= Christopher Alexander Hagerman =

Upper Canada lawyer, militia officer, politician and judge

Christopher Alexander Hagerman, (28 March 1792 - 14 May 1847) was a Canadian militia officer, lawyer, administrator, politician and judge.

==Early life and family==
Known during his adult life as 'Handsome Kit', Hagerman was born at the Bay of Quinte, Adolphustown, Ontario, just west of Kingston, Ontario. He was a son of United Empire Loyalist Major Nicholas Hagerman (1761–1819) J.P., and his wife Anne (1758–1847), daughter of John and Mary (Campbell) Fisher, formerly of Killin.

Kit's grandfather, Christopher Hagerman (b.1722), was a Dutch officer in the service of the Prussian Army who had fought for George II of Great Britain at the Battle of Culloden, 1746. Following the Battle of Quebec (1759), he was granted 2,000 acres in Albany, New York. During the American Revolutionary War, Hagerman's father (Nicholas) came under suspicion from the Commission for Detecting and Defeating Conspiracies, and went over to the British in 1778.

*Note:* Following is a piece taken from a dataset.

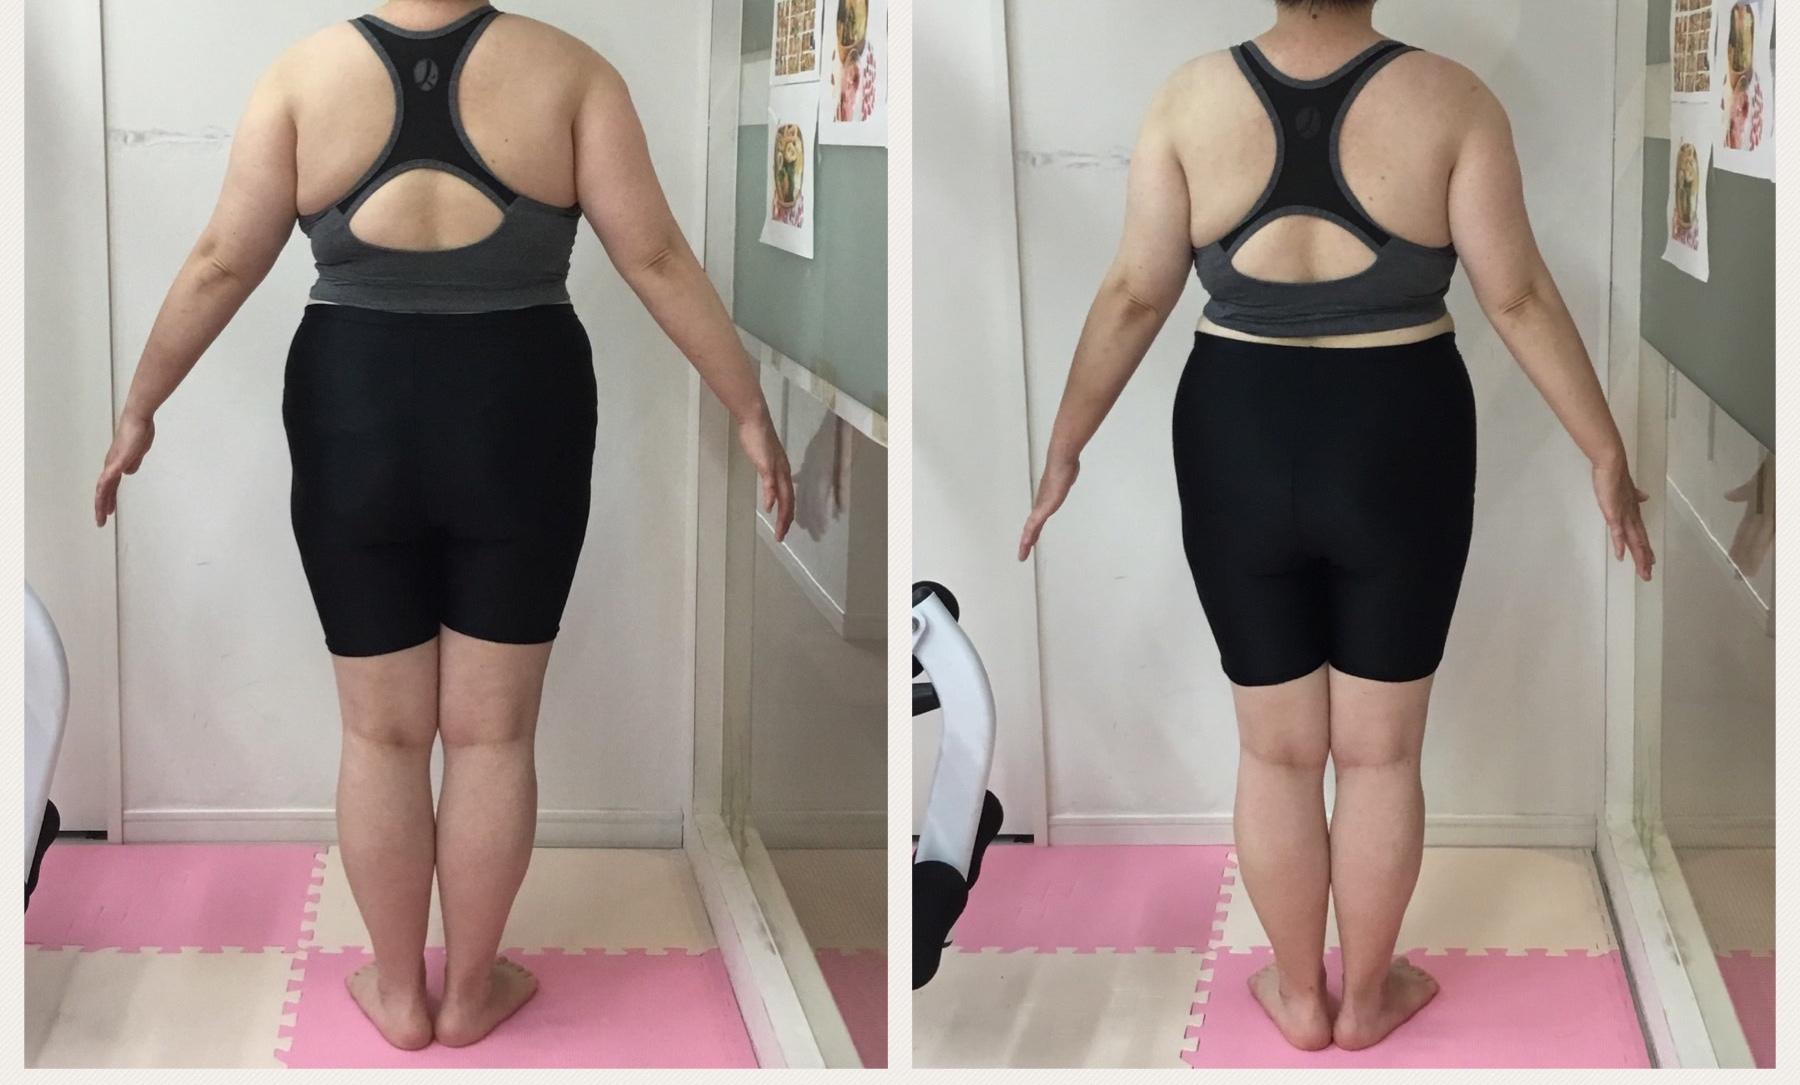 産後ダイエット、産後のトレーニング、産後の歪み調整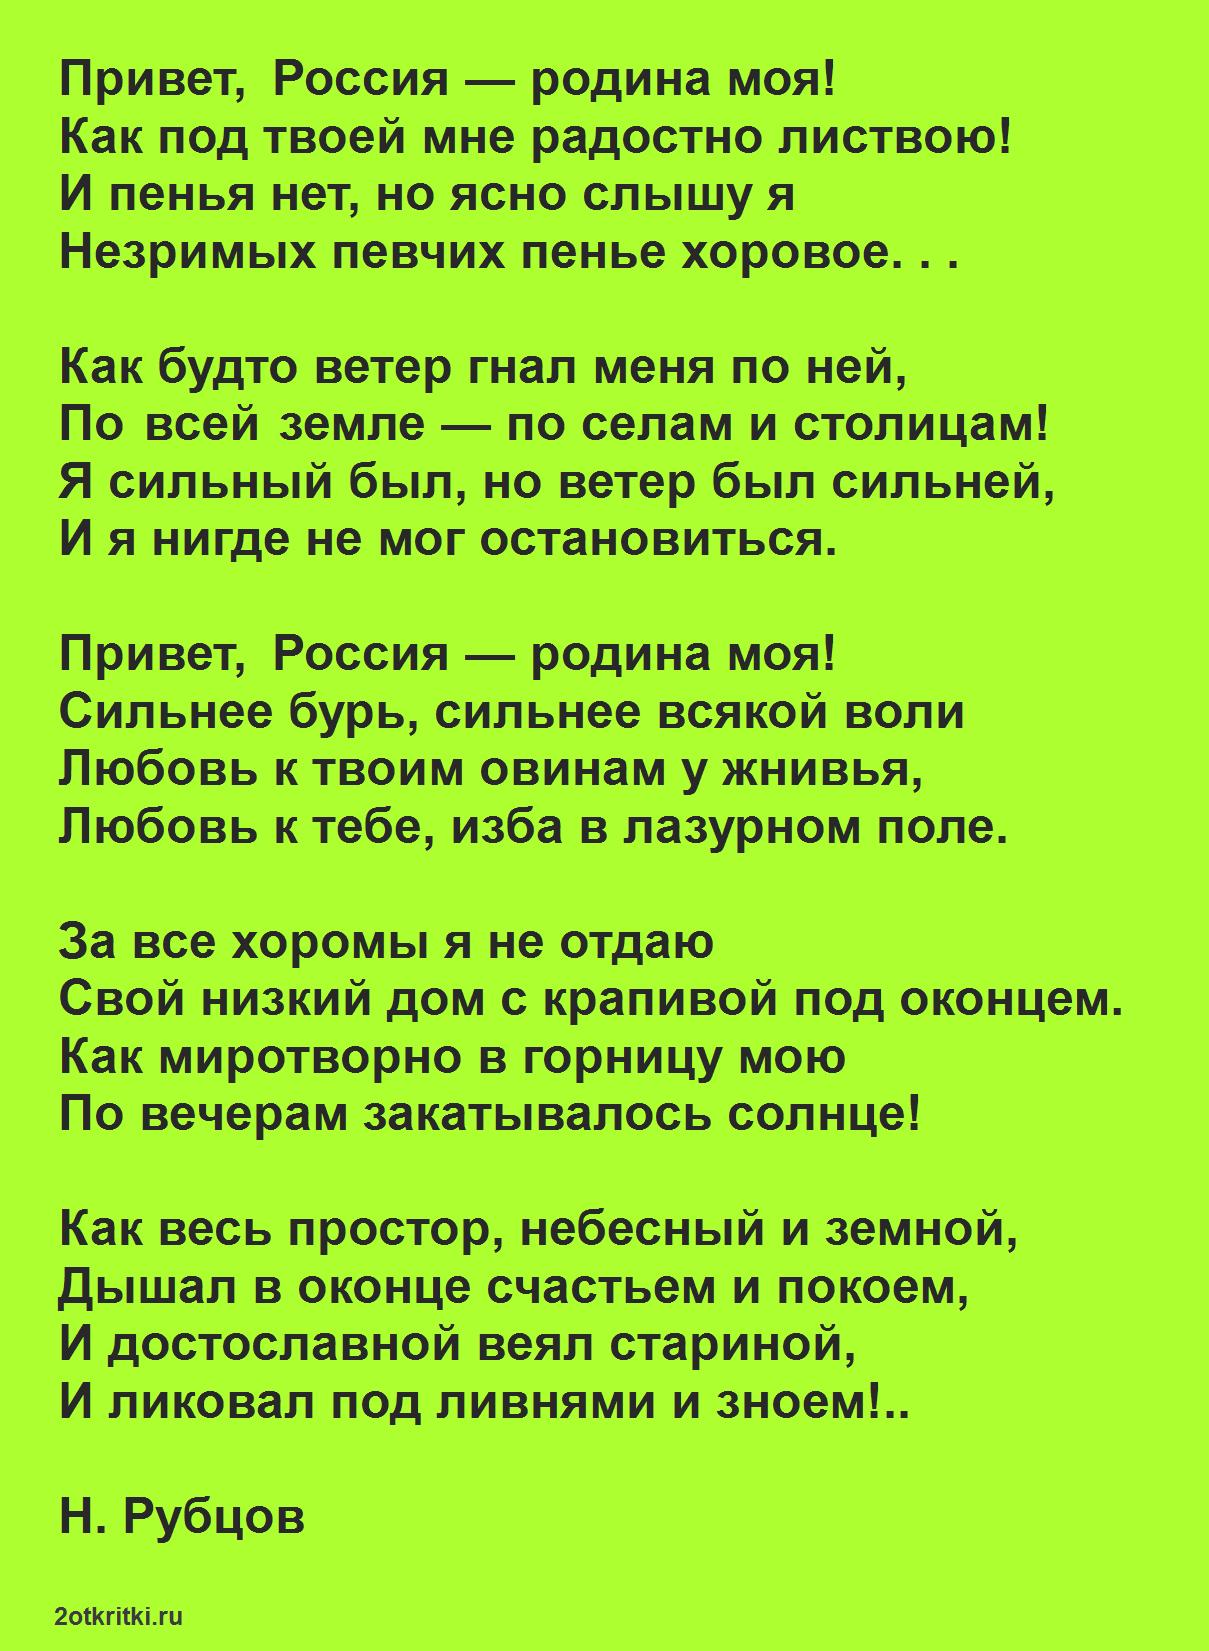 Стихи на день России для детей - Привет, Россия - родина моя

After relocating to Lower Canada, some 200 km. north of Albany, in 1783, on completion of the war, Nicholas Hagerman signed with Captain Alexander White's company of Associated Loyalists. He settled the next year with his servant in the village of Adolphustown, with the help of local notable Peter Van Alstine. Kit Hagerman's uncle, Judge Alexander Fisher (1756–1830) M.P., of Adolphustown, was the father of Helen and Henrietta Fisher, who married the brothers Thomas Kirkpatrick and Judge Stafford Kirkpatrick respectively.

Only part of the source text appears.